台湾は東シナ海にある、約2,300万人が住む地域。沖縄からは非常に近く、年間を通して温暖な気候が特徴の南の島です。漢民族が多く住んでいるため標準語は中国語ですが、同じ中国語でも中国大陸で話す中国語と発音やイントネーションが若干異なります。半導体産業が盛んで、全世界で生産される半導体の約20%が台湾で生産されています。みなさんが普段使うスマートフォンやパソコンにも、台湾の半導体が使われているかもしれませんね。

台湾はとても温かい南国であり、5月から10月まで平均最高気温が30度以上の日が続きます。最も寒い1月でも最低気温が15度前後で、日本の様なはっきりとした四季の変化が少ない場所です。そのため年間を通してラフな服装で出歩く人が多く、夏場はスーツを着る人も少ないです。

台湾では小籠包(ショウロンポー)等の中華料理がよく食べられています。
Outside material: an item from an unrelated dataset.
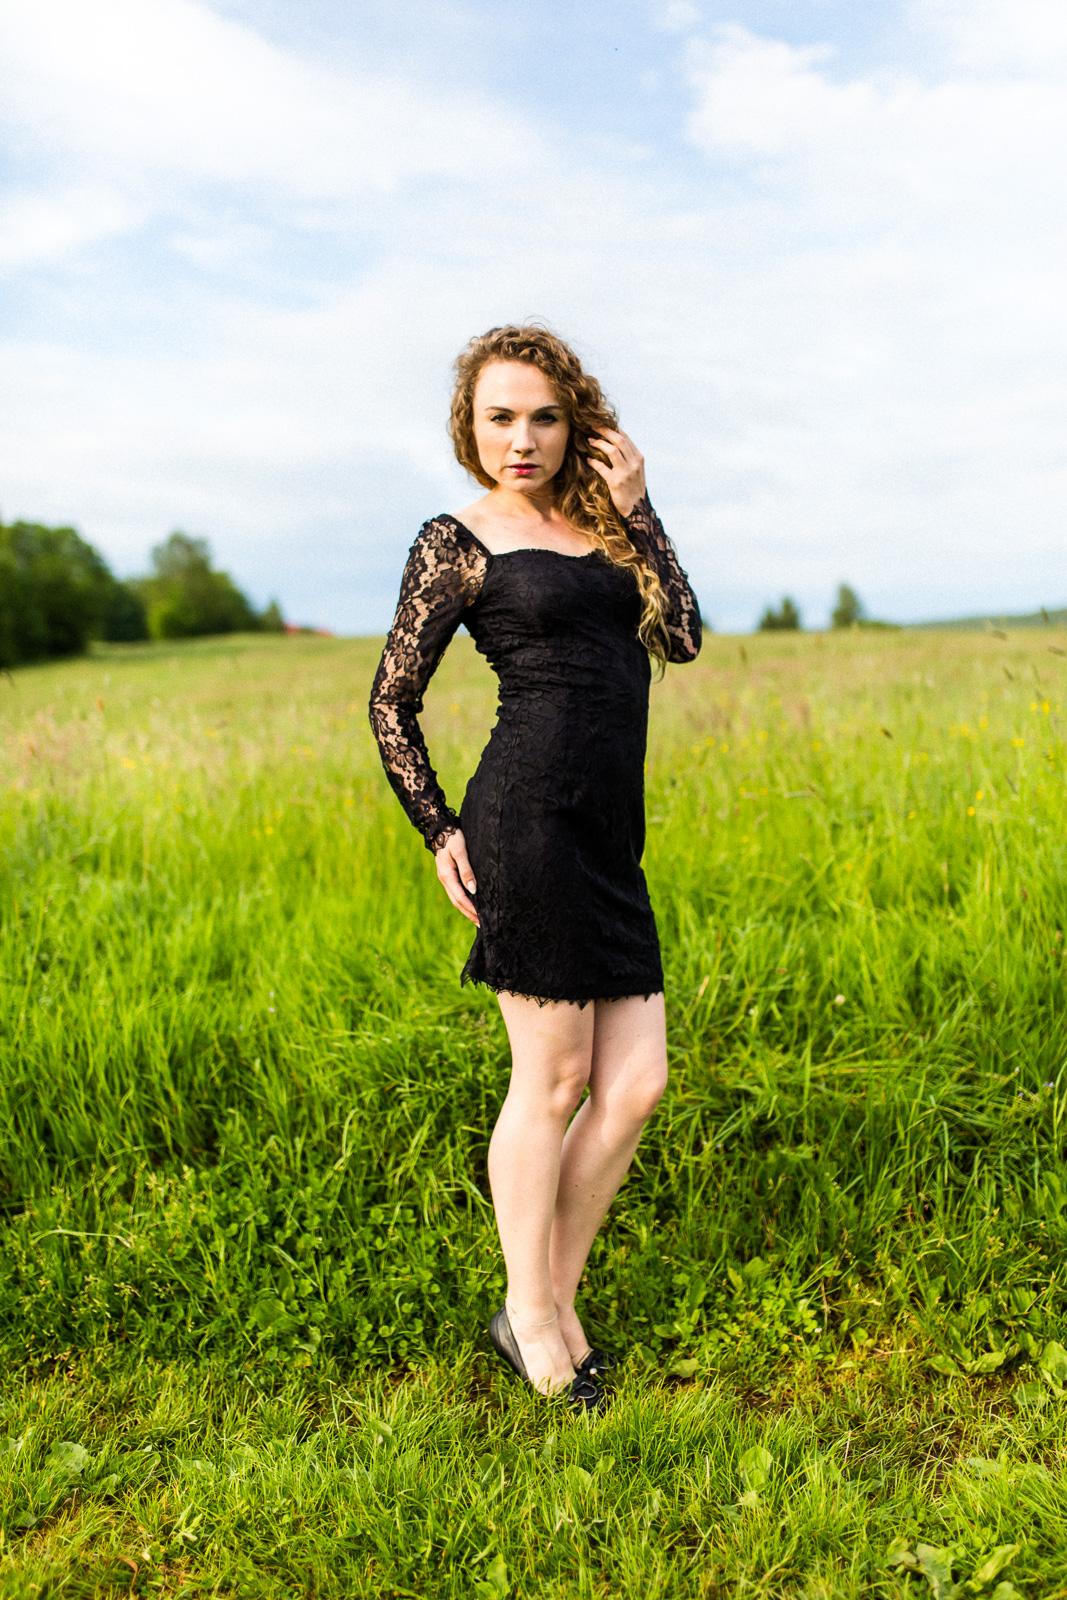 Christin im Kleid in der Natur - Boudoir Christin im Sessel - Akt Erotik Boudoir Fotograf sexy Homeshooting nackt

また、タピオカミルクティー等のドリンクショップが町の至る所にあり、飲み歩きをする方も多くいます。南国の気候を活かし、日本人が大好きなマンゴーやパイナップル等のフルーツが多く栽培されています。

また、オートバイに乗る人がとても多く、街中にはバイクが溢れています。高校を卒業するとオートバイを購入して乗るようになるのが台湾人の習慣で、二人乗りも許可されていることから家族や友人でバイクに乗る様子も多く見受けられます。

台湾の街中。至る所にバイクがある。後ろに見えるのが509mの高さを誇る台北101

政治への関心が非常に高いのも台湾の特徴です。台湾では直接総統(アメリカの大統領に相当)を選ぶことができる直接民主制を採用しています。国民党と民進党という二大政党が強い力を持っていて、4年に一度の総統選挙では投票率が7割近くにも及びます。
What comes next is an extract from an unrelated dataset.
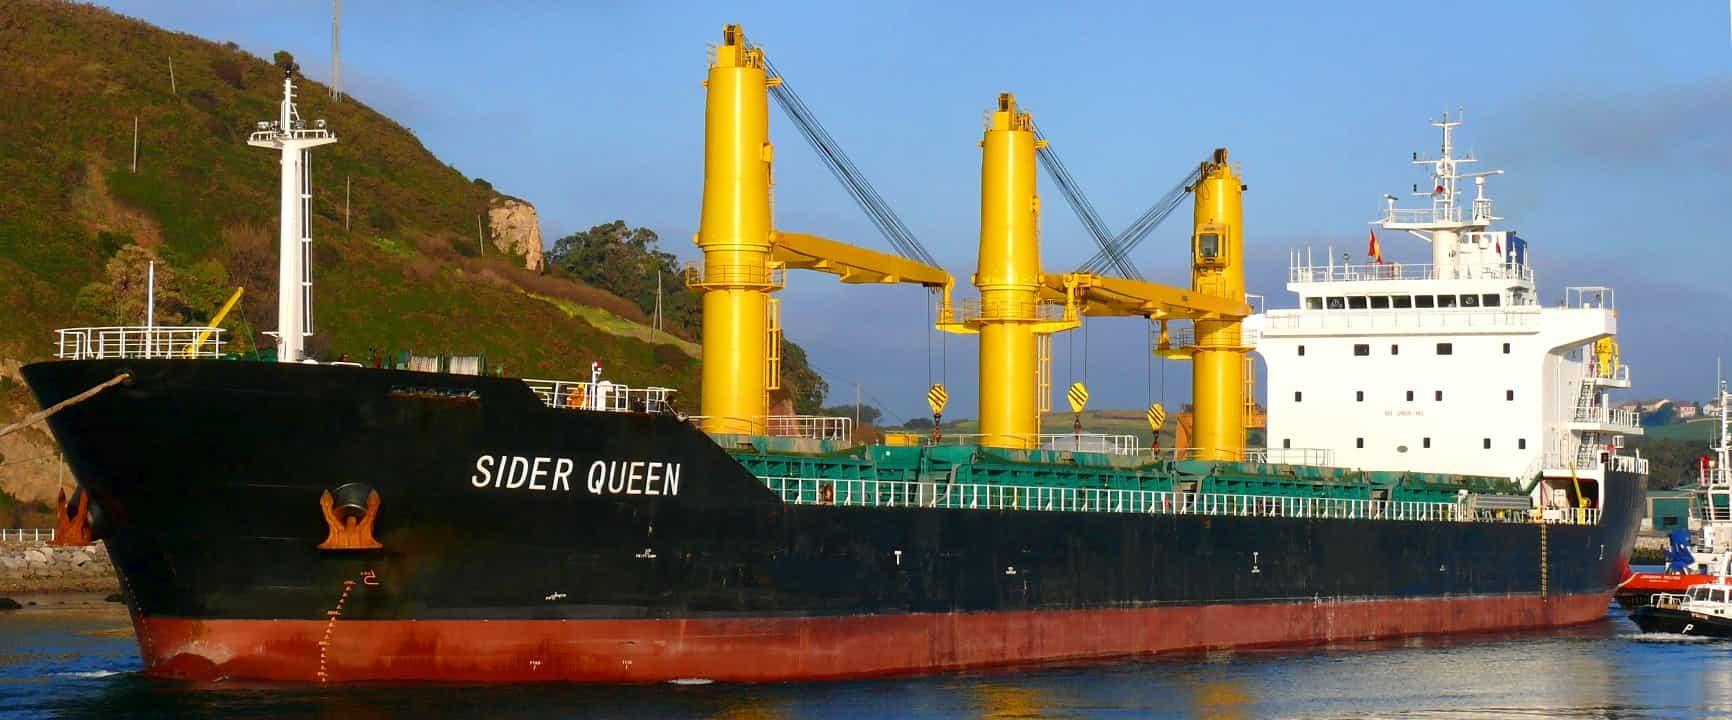 Home - Nova Marine Carriers

日本と台湾で大きく違うといえるのが宗教です。日本では神道と仏教が盛んですが、台湾では仏教と漢民族の伝統宗教である道教が主流を占めています。ただ実は台湾の道教のお寺の中の一部には仏教の仏像が見受けられ、混在している場所もあります。日本のお寺の近くに神社があることと同じ感覚ですね。また、人口の約4%がキリスト教信者でもあり、街中にキリスト教の教会も多く見受けられます。

台湾に残る日本文化

台湾は1895年から第二次世界大戦終戦の1945年まで日本が統治していました。日本統治前、台湾は当時の中国大陸の国である「清国」の統治下に置かれていましたが、日清戦争に勝利した日本は台湾の統治権を得ました。そこから日本人が移り住み、最盛期には約40万人の日本人が台湾で暮らしていたといわれています。

例えば、日本のみなさんにとってとても身近な高校野球と夏の甲子園。戦前の甲子園では、台湾予選を勝ち抜いた代表校も大会に出場していました。1931年の大会では台湾代表の「台南州立嘉義農林学校」が初出場で準優勝の快挙を達成しました。日本人、台湾人、そして高砂族と呼ばれた原住民の混成チームで、多様性のあるチームの絆が非常に注目を集めていました。この実話は「KANO 1931海の向こうの甲子園」という映画にもなっていて、当時の日本統治時代の台湾の様子が分かる素晴らしい作品なので、是非チェックしてみてください。

日本統治時代には日本語教育が行われており、中国語を話す方も多くいましたが日本語が標準語として使われていました。そのため現在ご高齢の台湾人の中では戦前の日本語教育を受けた方もおり、今でも流暢な日本語を話す方もいらっしゃいます。

当時各地に多くの神社が建てられていました。台北に当時あった「台湾神社」の前の通りは表参道と呼ばれていて、これは東京の明治神宮の前の通りと同じ名称が使われていました。台湾神社の跡地は、現在円山ホテルという台湾を代表するホテルに使われています。

円山ホテルの外観

街の区画整備、鉄道、ダム建設、公衆衛生、糖業(砂糖製造)等のインフラ整備も進みました。当時築かれた鉄道網やダム等は現在の台湾でも使用されていて、台湾の社会に深く根付いています。 また、バロック様式と呼ばれる西洋風建築や、温泉街の旅館等の日本建築が多く建てられ、今でも使われている施設も多くあります。台湾の国会議事堂と同じ役割を持つ建築「台湾総督府」は日本統治時代から使われている建物です。この建築を見るとどこかの建物に似ているなと思う方がいるかもしれません。

台湾総督府の外観

そう、東京駅に凄く似ていますね!台湾総督府は東京駅を建築した辰野金吾の弟子である、森山松之助が設計した建物。彼の様な日本人技師が当時の台湾に渡り、多くの建築を手掛けていました。台湾の歴史を学ぶことは、日本の近現代史への理解にもつながると思います。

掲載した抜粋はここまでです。